Can Intel recover even part of their past dominance?

DanX · Dec 15, 2025

IanD said:
Beyond a given point, lowering voltage further increases power consumption per operation.

If you look at power-delay product, this tells you the energy needed to do something, Dynamic power (CV^2) drops with lower voltages (leakage less so) but so does clock speed, more rapidly as you get closer to the threshold voltages. For a given gate type (e.g. ELVT, ULVT, LVT, SVT) and clock speed (and activity percentage) there is a supply voltage where PDP reaches a minimum, and this where the power consumption is also a minimum -- as VDD drops you have to run slower but with more parallel circuits, which works for many things but not all. And if you're really bothered about power efficiency, you also need to vary VDD with process corner and temperature, and also circuit activity and clock speed.

For the circuits we've looked at in N3 and N2 which are relatively high activity (e.g. DSP, FEC...) the lowest PDP is usually with ELVT, but has never been as low as 0.225V -- for lower activity circuits where ELVT leakage is too high compared to dynamic power, ULVT can be better. But there's no single "best" answer (transistor type, voltage, frequency), it all depends on what the circuits are doing... ;-)
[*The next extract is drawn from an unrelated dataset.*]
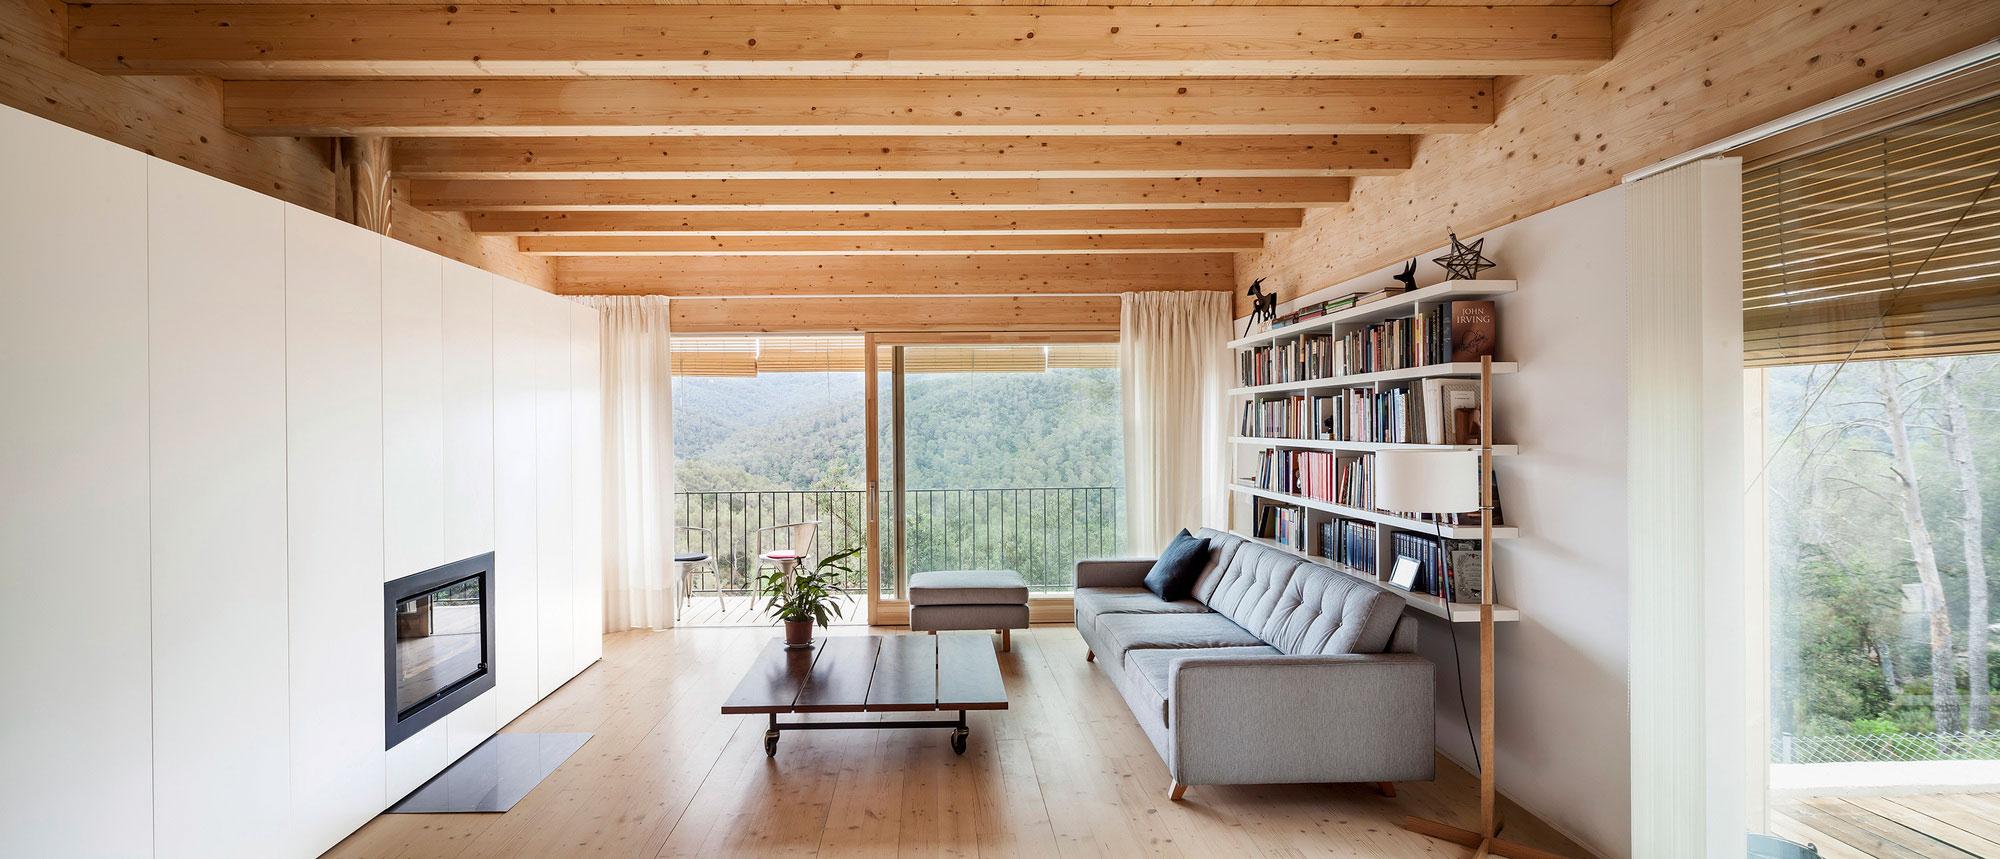 Casa LLP / Alventosa Morell (16)
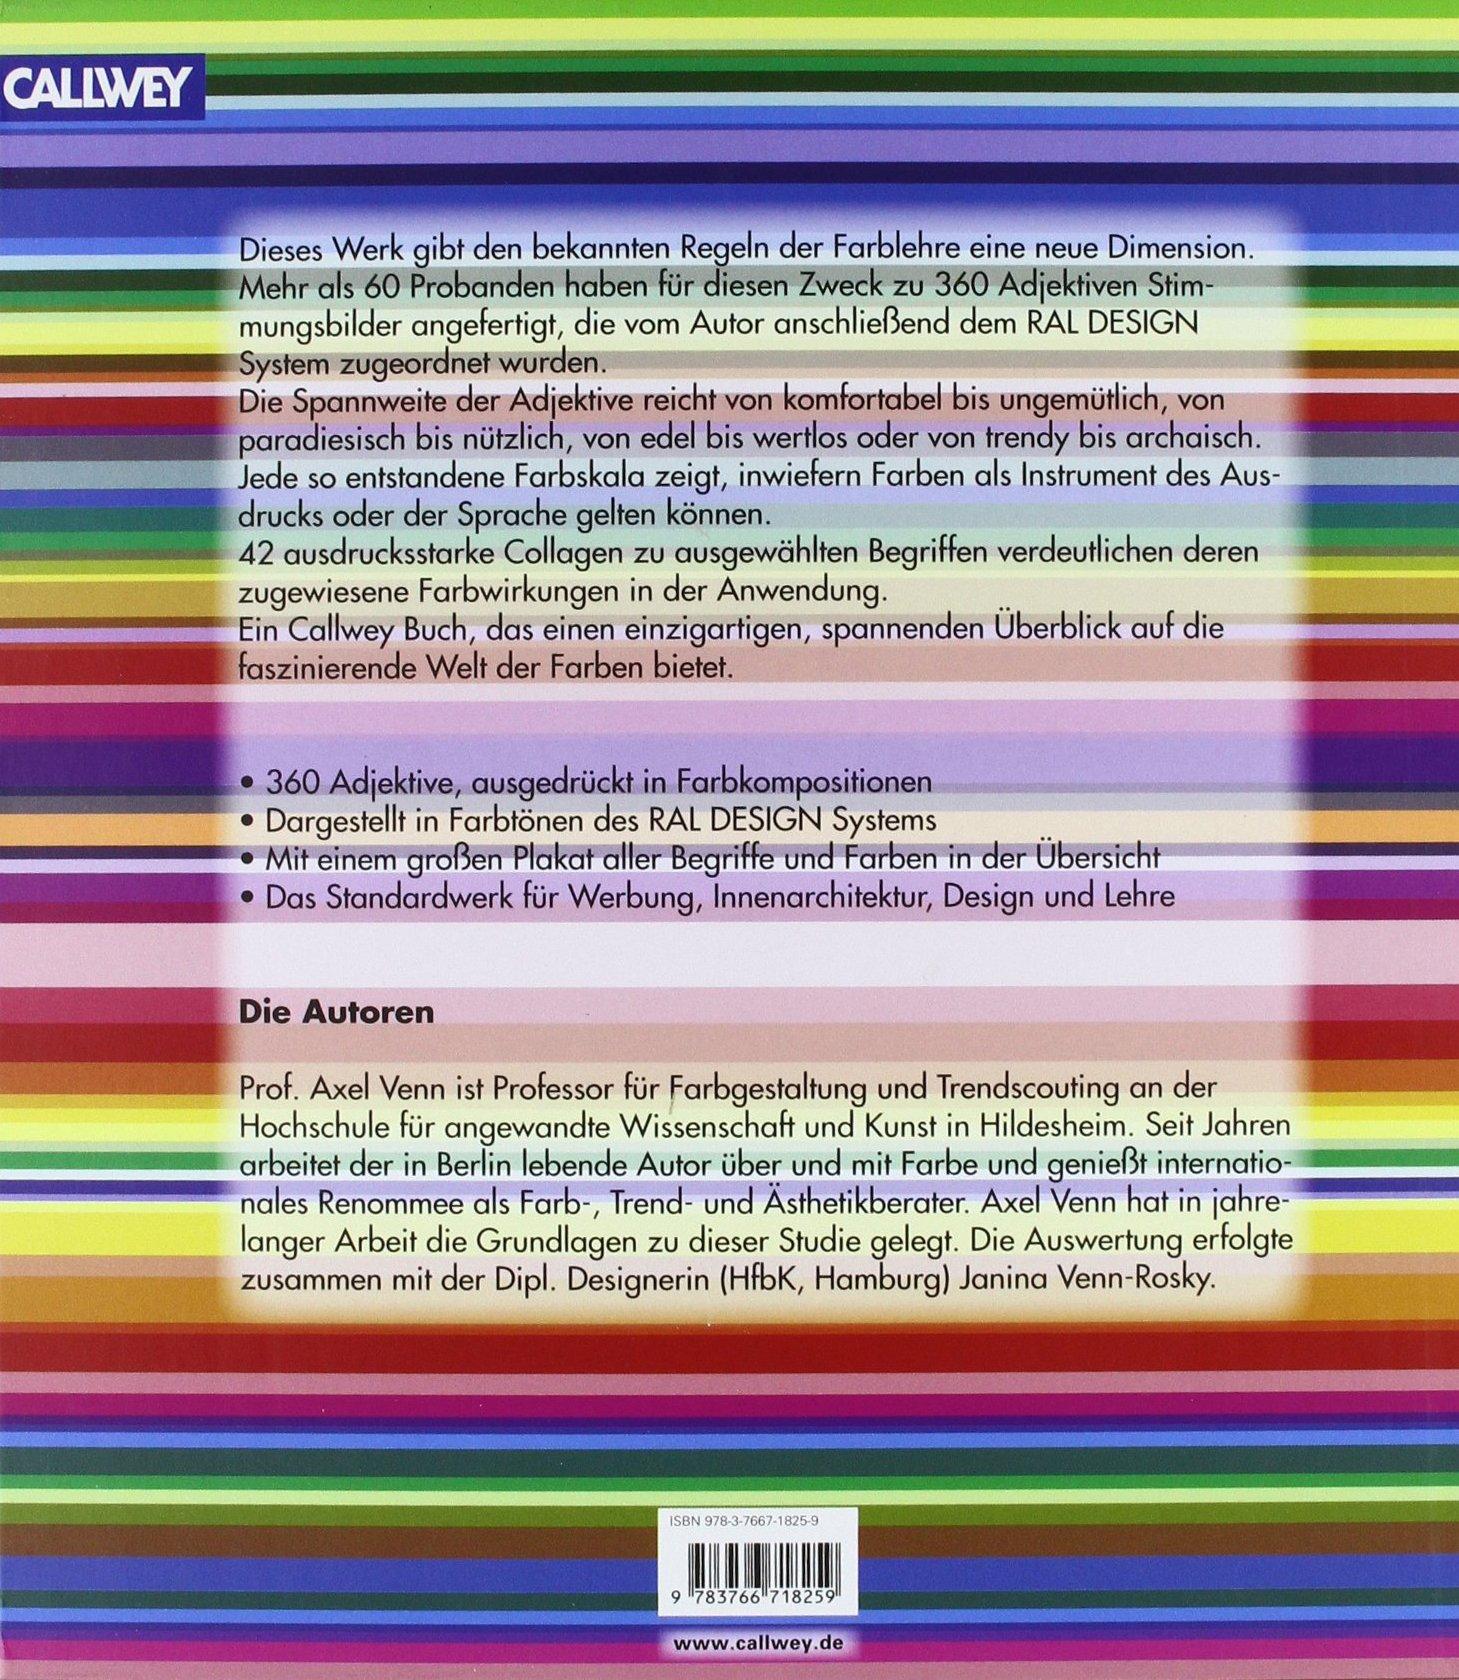 813rwSoULnL Fabelhafte Psychologische Wirkung Von Farben Dekorationen

Electricity accounts 80% of BTC mining cost.
You can try a better solution and there's a lot of money to be made .
Intel was once a wantobe player.

siliconbruh999 · Dec 16, 2025

DanX said:
Intel was once a wantobe player.

> Intel has put it's hand everywhere

IanD · Dec 16, 2025

DanX said:
Electricity accounts 80% of BTC mining cost.
You can try a better solution and there's a lot of money to be made .
Intel was once a wantobe player.

Which is true -- I was trying to correct the misapprehension that lower voltage is always better for efficiency/energy use, because it's not. However the minimum PDP VDD is well below anything used by chips like CPUs and GPUs today where lower voltage does always improve efficiency, depending on process corner (and circuit, and clock speed, and activity, and transistor type, and phase of the moon...) it's usually around 0.4V or a bit lower which is in the depths far below where CPUs lurk... ;-)

But you can't just take a chip designed for "normal-voltage" operation and drop the supply voltage massively because it won't work, at least not reliably -- if you want to operate down in this region you need to use special libraries and also tool precautions and new timing checks, because gate delay variation and sensitivity to supply voltage drops gets rapidly worse. TSMC enforce special rules for ULV operation, and the voltage where this happens varies with transistor type (ELVT, ULVT, LVT, SVT) -- which then causes bigger issues with mixing transistor types (e.g. uncorrelated Vth) because the delay tracking between types gets worse and worse.

All this imposes some penalties on design which reduce performance and increase area (as does going slower and more parallel), so you don't want to do this for a chip which spends most of its time (and dissipates most of its power) at higher Vdd (e.g. 0.5V and above) like a CPU. However if you have a chip which has one job to do and where power consumption is all-important and you're willing to use adaptive supply voltage, it's a price worth paying -- we've been doing this for some time now, the typical power saving is similar to a complete process node step, and the worst-case saving is closer to two process nodes...

benb · Dec 16, 2025

If Intel design an SRAM that scales, they could regain the lead. But SRAM is like other memory, scaling seems to have ended. SRAM is 90% of the area of a logic chip.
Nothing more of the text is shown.